Personal Effects Coverage provides insurance protection for the theft of items in your car. If you have a homeowners or renters insurance policy that includes off-premises theft coverage, you are generally covered for theft of your belongings away from home, minus the deductible. If you purchase this coverage through the rental car company, it generally costs between $1 and $4 a day.

If you frequently travel with expensive items such as jewelry, cameras, musical equipment or sports equipment, it may be more cost-effective to purchase a personal articles floater under your homeowners or renters insurance policy. With such a floater, your valuable items are protected at home as well as while traveling anywhere in the world and the coverage is broader.

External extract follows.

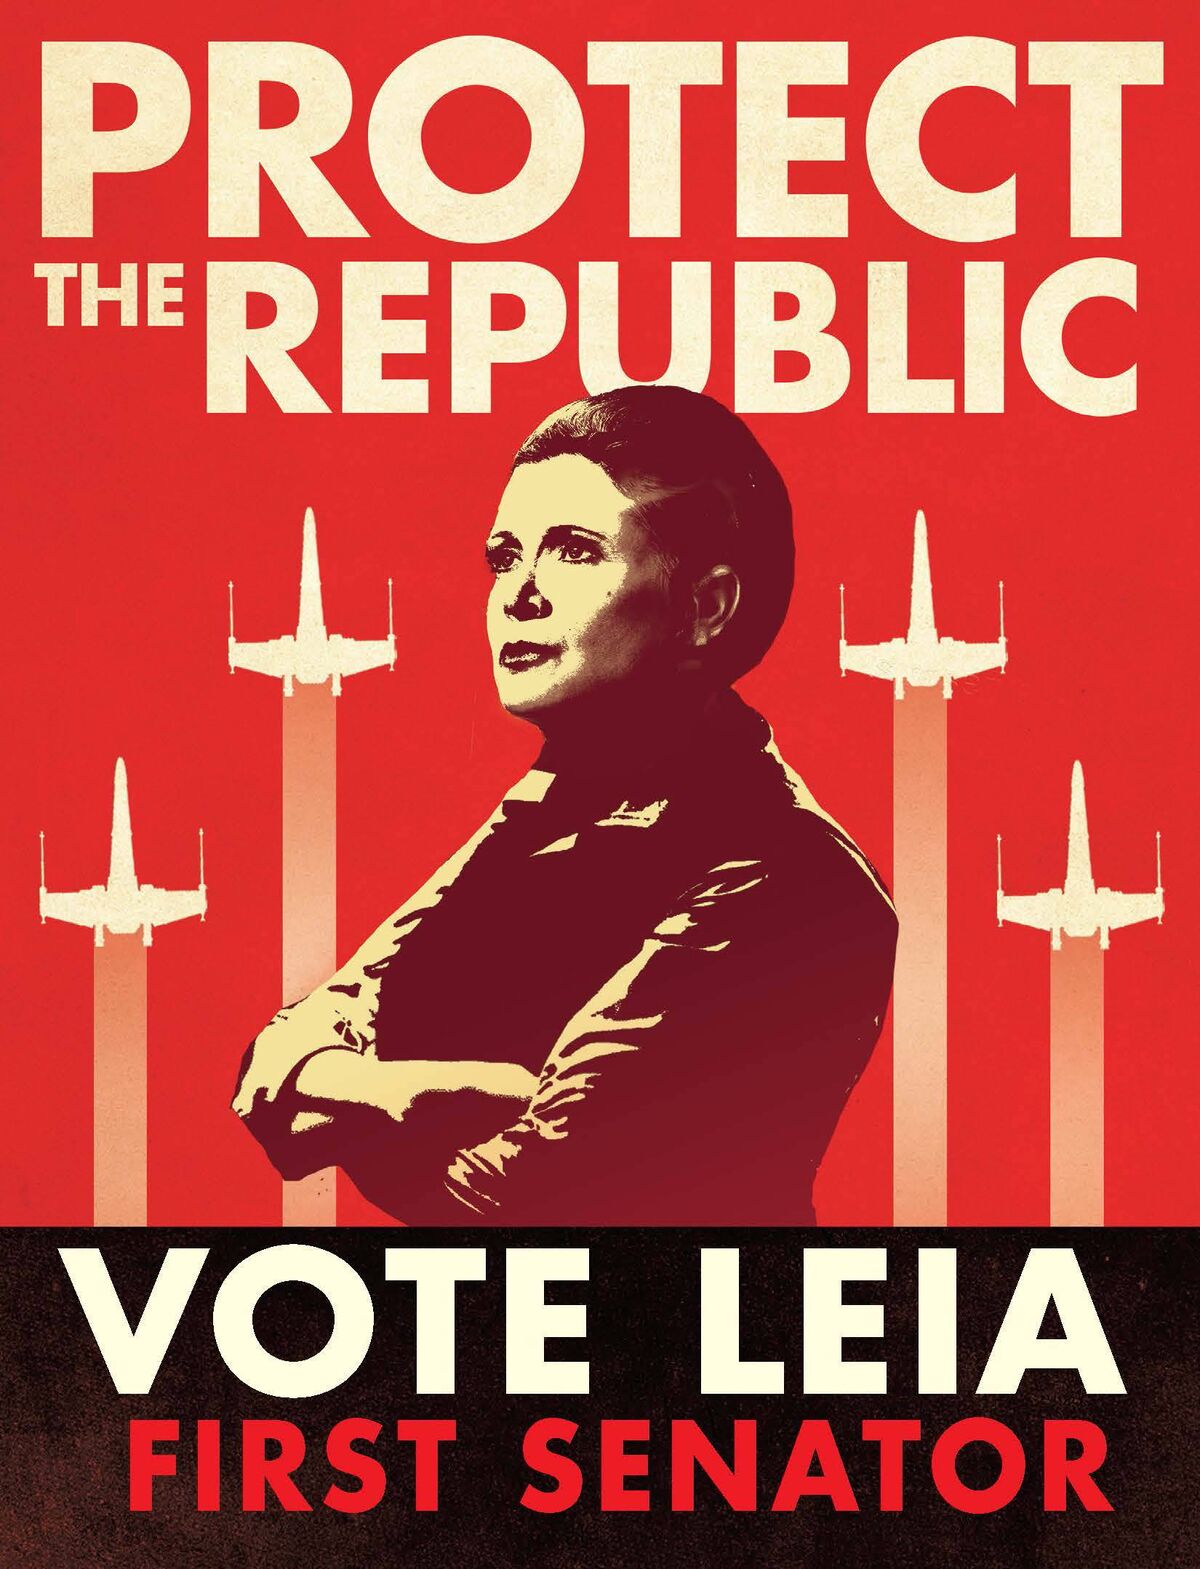 Star Wars propaganda poster Protect the Republic

  • Other Things to Consider

States have minimum age requirements for renting a car and most major rental car companies refuse to rent a car to someone who is under 21 and in some cases under 25. In addition, some rental car companies now investigate your driving record and/or credit history so check with the rental car company before picking up the car.

If you are planning to rent a car abroad, contact both your insurance agent and travel agent to find out what you need to do to be properly insured. Those driving a rental car from the U.S. into Mexico may find it progressively more difficult to rent a car as U.S. rental car companies are increasingly concerned about the rising crime rates in that country. The minimum required insurance coverage to drive in Mexico is civil liability insurance which covers you in case you cause injury or damage. Your American liability insurance is not valid in Mexico for bodily injury, though some American insurance policies will cover you for physical damage—check with your agent or insurance company representative. You can also buy Mexican car insurance in several American border towns; there are generally several storefronts selling Mexican car insurance near the border.

Note: If you’re renting a car abroad, you may need an international drivers license.